Earnings

Should You Buy PacWest Bancorp (PACW) or Cathay General Bancorp (CATY)?

PacWest Bancorp (NASDAQ:PACW) shares are up more than 2.36% this year and recently decreased -0.47% or -$0.24 to settle at $51.35. Cathay General Bancorp (NASDAQ:CATY), on the other hand, is up 0.74% year to date as of 02/07/2018. It currently trades at $42.19 and has returned -2.88% during the past week.

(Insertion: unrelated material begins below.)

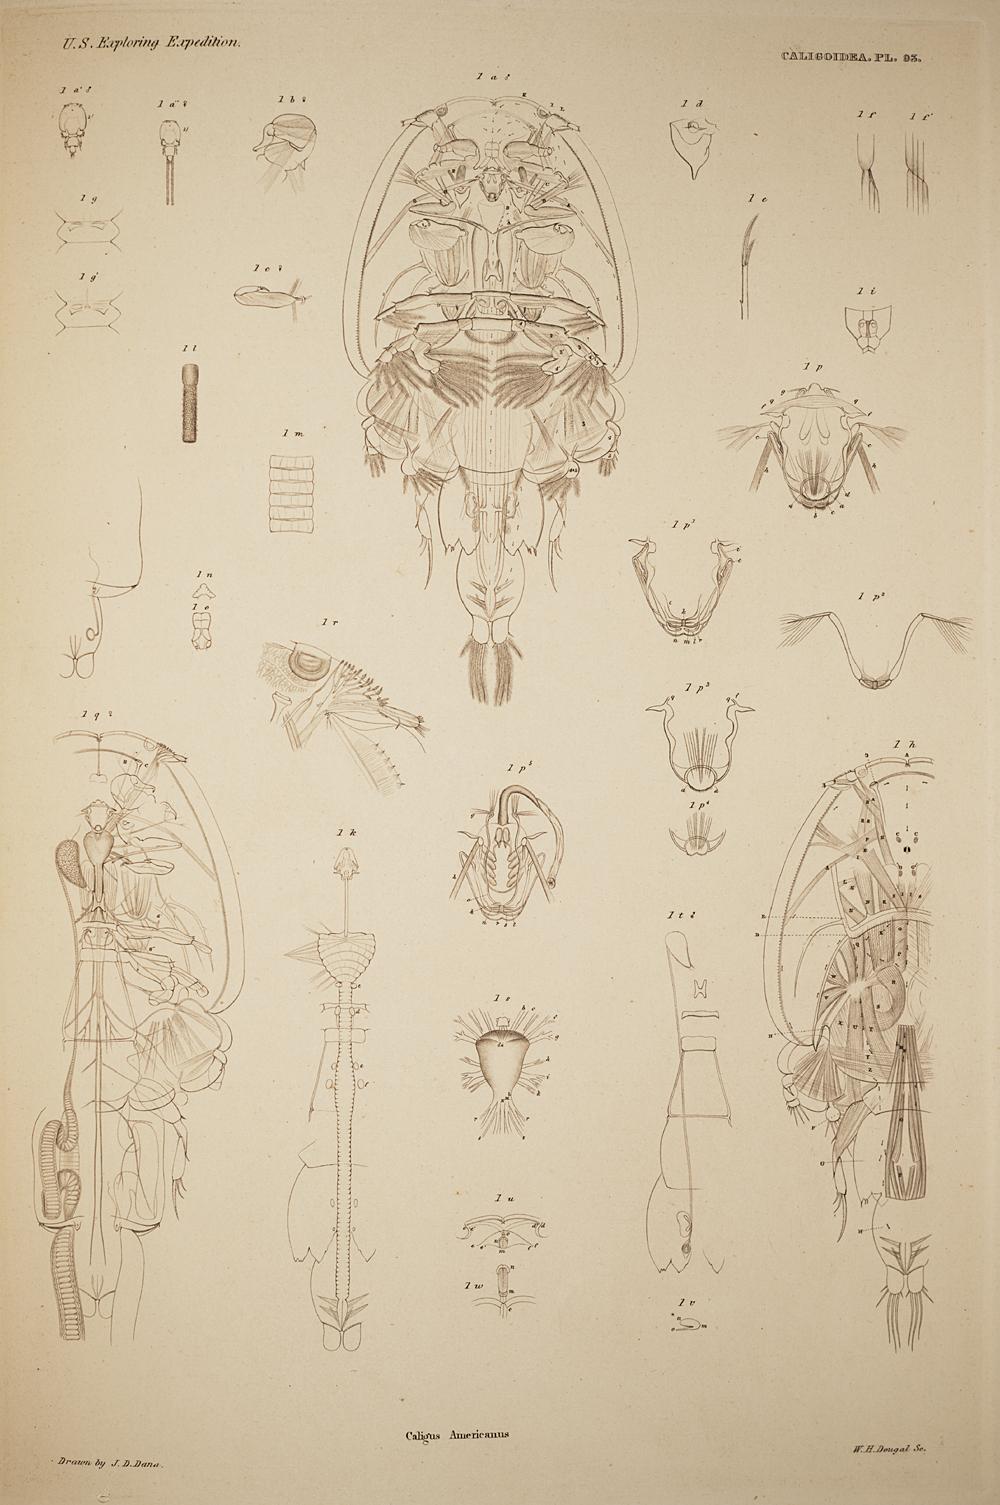 Caligoidea. Pl. 93,  Image number:SIL19-21-219b

PacWest Bancorp (NASDAQ:PACW) and Cathay General Bancorp (NASDAQ:CATY) are the two most active stocks in the Regional – Pacific Banks industry based on today’s trading volumes. We will compare the two companies based on the strength of various metrics, including growth, profitability, risk, return, and valuation to determine if one is a better investment than the other.

Growth

The ability to grow earnings at a compound rate over time is a crucial determinant of investment value. Analysts expect PACW to grow earnings at a 10.00% annual rate over the next 5 years. Comparatively, CATY is expected to grow at a 8.00% annual rate. All else equal, PACW’s higher growth rate would imply a greater potential for capital appreciation.



Profitability and Returns

A high growth rate isn’t necessarily valuable to investors. In fact, companies that overinvest in low return projects just to achieve a high growth rate can actually destroy shareholder value. Profitability and returns are a measure of the quality of a company’s business and its growth opportunities. We’ll use EBITDA margin and Return on Investment (ROI) to measure this. EBITDA margin of 72.99% for Cathay General Bancorp (CATY). PACW’s ROI is 12.30% while CATY has a ROI of 17.30%. The interpretation is that CATY’s business generates a higher return on investment than PACW’s.

Cash Flow 




If there’s one thing investors care more about than earnings, it’s cash flow. On a percent-of-sales basis, PACW’s free cash flow was 0% while CATY converted 0% of its revenues into cash flow. This means that, for a given level of sales, PACW is able to generate more free cash flow for investors.

Financial Risk

PACW’s debt-to-equity ratio is 0.19 versus a D/E of 0.07 for CATY. PACW is therefore the more solvent of the two companies, and has lower financial risk.

Valuation

PACW trades at a forward P/E of 13.49, a P/B of 1.26, and a P/S of 6.38, compared to a forward P/E of 12.70, a P/B of 1.74, and a P/S of 6.01 for CATY. PACW is the cheaper of the two stocks on book value basis but is expensive in terms of P/E and P/S ratio. Given that earnings are what matter most to investors, analysts tend to place a greater weight on the P/E.

Analyst Price Targets and Opinions

Just because a stock is cheaper doesn’t mean there’s more value to be had. In order to assess value we need to compare the current price to where it’s likely to trade in the future. PACW is currently priced at a -10.37% to its one-year price target of 57.29. Comparatively, CATY is -12.34% relative to its price target of 48.13. This suggests that CATY is the better investment over the next year.

The average investment recommendation on a scale of 1 to 5 (1 being a strong buy, 3 a hold, and 5 a sell) is 2.20 for PACW and 2.80 for CATY, which implies that analysts are more bullish on the outlook for CATY.

Risk and Volatility

To gauge the market risk of a particular stock, investors use beta. Stocks with a beta above 1 are more volatile than the market as a whole. Conversely, a beta below 1 implies below average systematic risk. PACW has a beta of 1.50 and CATY’s beta is 1.36. CATY’s shares are therefore the less volatile of the two stocks.

Insider Activity and Investor Sentiment

Short interest is another tool that analysts use to gauge investor sentiment. It represents the percentage of a stock’s tradable shares that are being shorted. PACW has a short ratio of 3.73 compared to a short interest of 5.19 for CATY. This implies that the market is currently less bearish on the outlook for PACW.

Summary

Cathay General Bancorp (NASDAQ:CATY) beats PacWest Bancorp (NASDAQ:PACW) on a total of 7 of the 14 factors compared between the two stocks. CATY is growing fastly, generates a higher return on investment and has lower financial risk. In terms of valuation, CATY is the cheaper of the two stocks on an earnings and sales basis, CATY is more undervalued relative to its price target. Finally, BSRR has better sentiment signals based on short interest.